Puzzle Begins to Fit Together
In view of the new excavations and dates I have summarized here, and others, perhaps equally important, that I have not, it is interesting to speculate on how the prehistory of Southeast Asia may someday be reconstructed. In a number of published papers I have made a start on this. Most of the ideas I have proposed must be labeled as hypothesis or conjecture. They need a great deal more research to bear them out–or refute them. Among them are these:
- I agree with Sauer that the first domestication of plants in the world was done by people of the Hoabinhian culture, somewhere in Southeast Asia. It would not surprise me if this had begun as early as 15,000 B.C.
- I suggest that the earliest dated edge-ground stone tools, found in northern Australia and dated by carbon 14 at about 20,000 B.C., are of Hoabinhian origin.
- While the earliest dates for pottery now known are from Japan at about 10,000 B.C., I expect that when more of the Hoabinhian sites with cord-marked pottery are dated, we will find that pottery was being made by these people well before 10,000 B.C., and was possibly invented by them.
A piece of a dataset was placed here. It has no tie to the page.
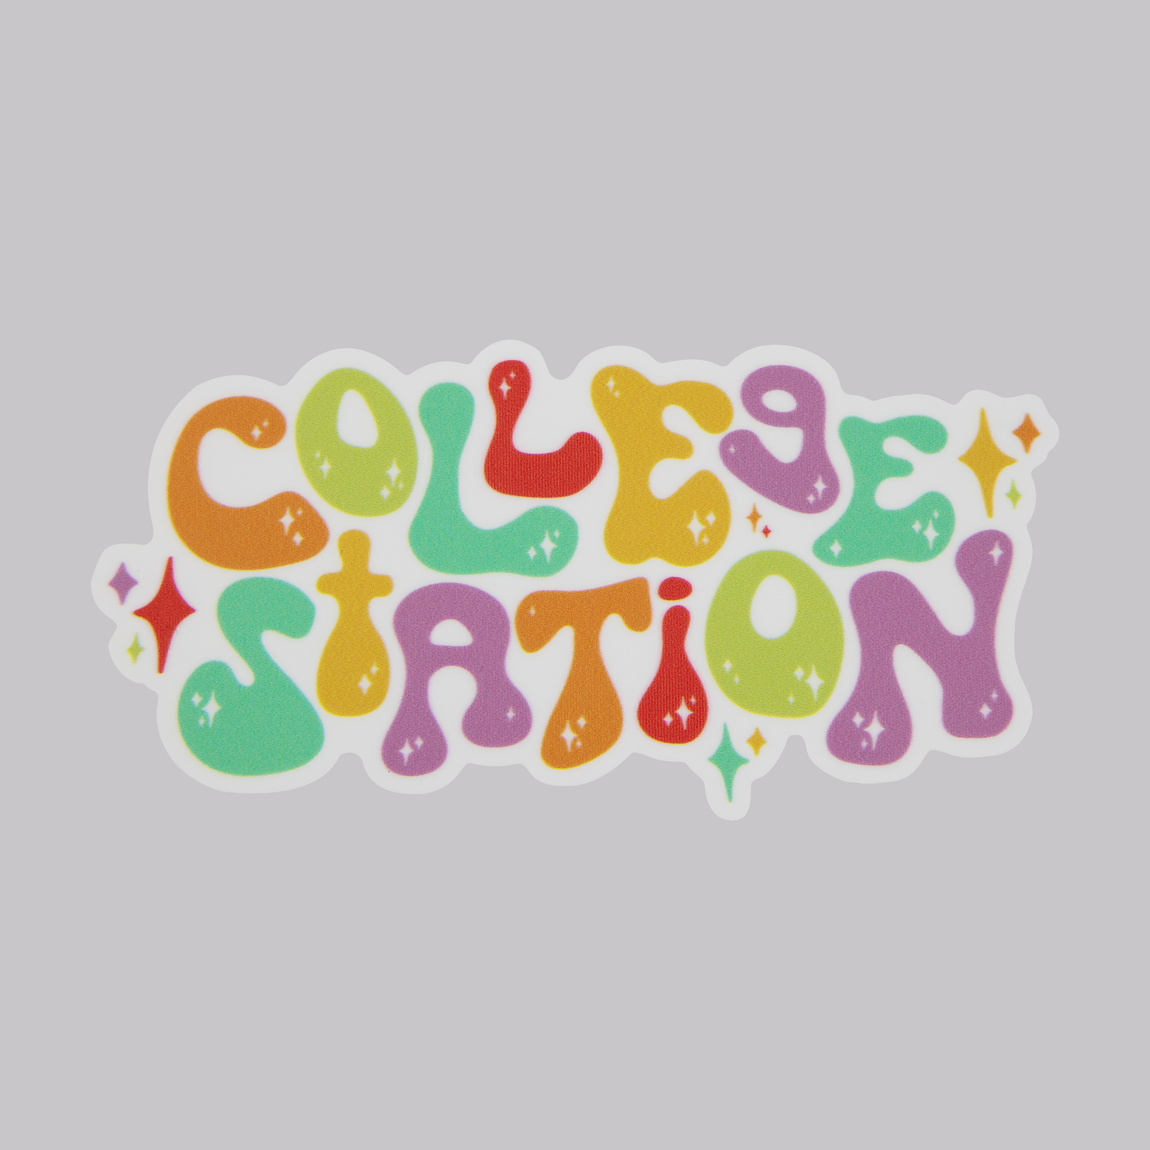 Colorful College Station Dizzler

- * The traditional reconstruction of Southeast Asian prehistory has had migrations from the north bringing important developments in technology to Southeast Asia. I suggest instead that the first neolithic (that is, late Stone Age) culture of North China, known as the Yangshao, developed out of a Hoabinhian subculture that moved north from northern Southeast Asia about the sixth or seventh millennium B.C.
- I suggest that the later so-called Lungshan culture, which supposedly grew from the Yangshao in North China and then exploded to the east and southeast, instead developed in South China and moved northward. Both of these cultures developed out of a Hoabinhian base.
- Dugout canoes had probably been used on the rivers of Southeast Asia long before the fifth millennium B.C. Probably not long before 4000 B.C. the outrigger was invented in Southeast Asia, adding the stability needed to move by sea. I believe that movement out of the area by boat, beginning about 4000 B.C., led to accidental voyages from Southeast Asia to Taiwan and Japan, bringing to Japan tare cultivation and perhaps other crops.
- Sometime during the third millennium B.C. the now-expert boat-using peoples of Southeast Asia were entering the islands of Indonesia and the Philippines. ‘They brought with them a geometric art style — spirals and triangles and rectangles in band patterns-that was used in pottery, wood carvings, tattoos, bark cloth, and later woven textiles. These are the same geometric art motifs that were found on Dong Son bronzes and hypothesized to have come from eastern Europe. · The Southeast Asians also moved west, reaching Madagascar probably around 2,000 years ago. It would appear that they contributed a number of important domesticated plants to the economy of eastern Africa.
- At about the same time, contact began between Viet Nam and the Mediterranean, probably by sea as a result of developing trade. Several unusual bronzes, strongly suggesting eastern Mediterranean origins, have been found at the Dong Son site.
Past May Help to Light Up the Present
The new reconstruction of Southeast Asian prehistory I have presented here is based on data from only a very few sites and a reinterpretation of old data. Other interpretations are possible. Many more well-excavated, welldated sites are needed just to see if this general framework is any closer to what happened than is Heine-Geldern’s reconstruction. Burma and Assam are virtually unknown prehistorically, and I suspect that they are of great importance in Southeast Asian prehistory.
Most needed are many more details about small, definable areas. By intensive investigation in a small area, it will be possible to work out the local cultural development and ecological adaptation to see how living people fit in with the framework of prehistory. After all, it is people we want to understand, and this information may give us some insight into their interaction with each other and with their changing world in Southeast Asia.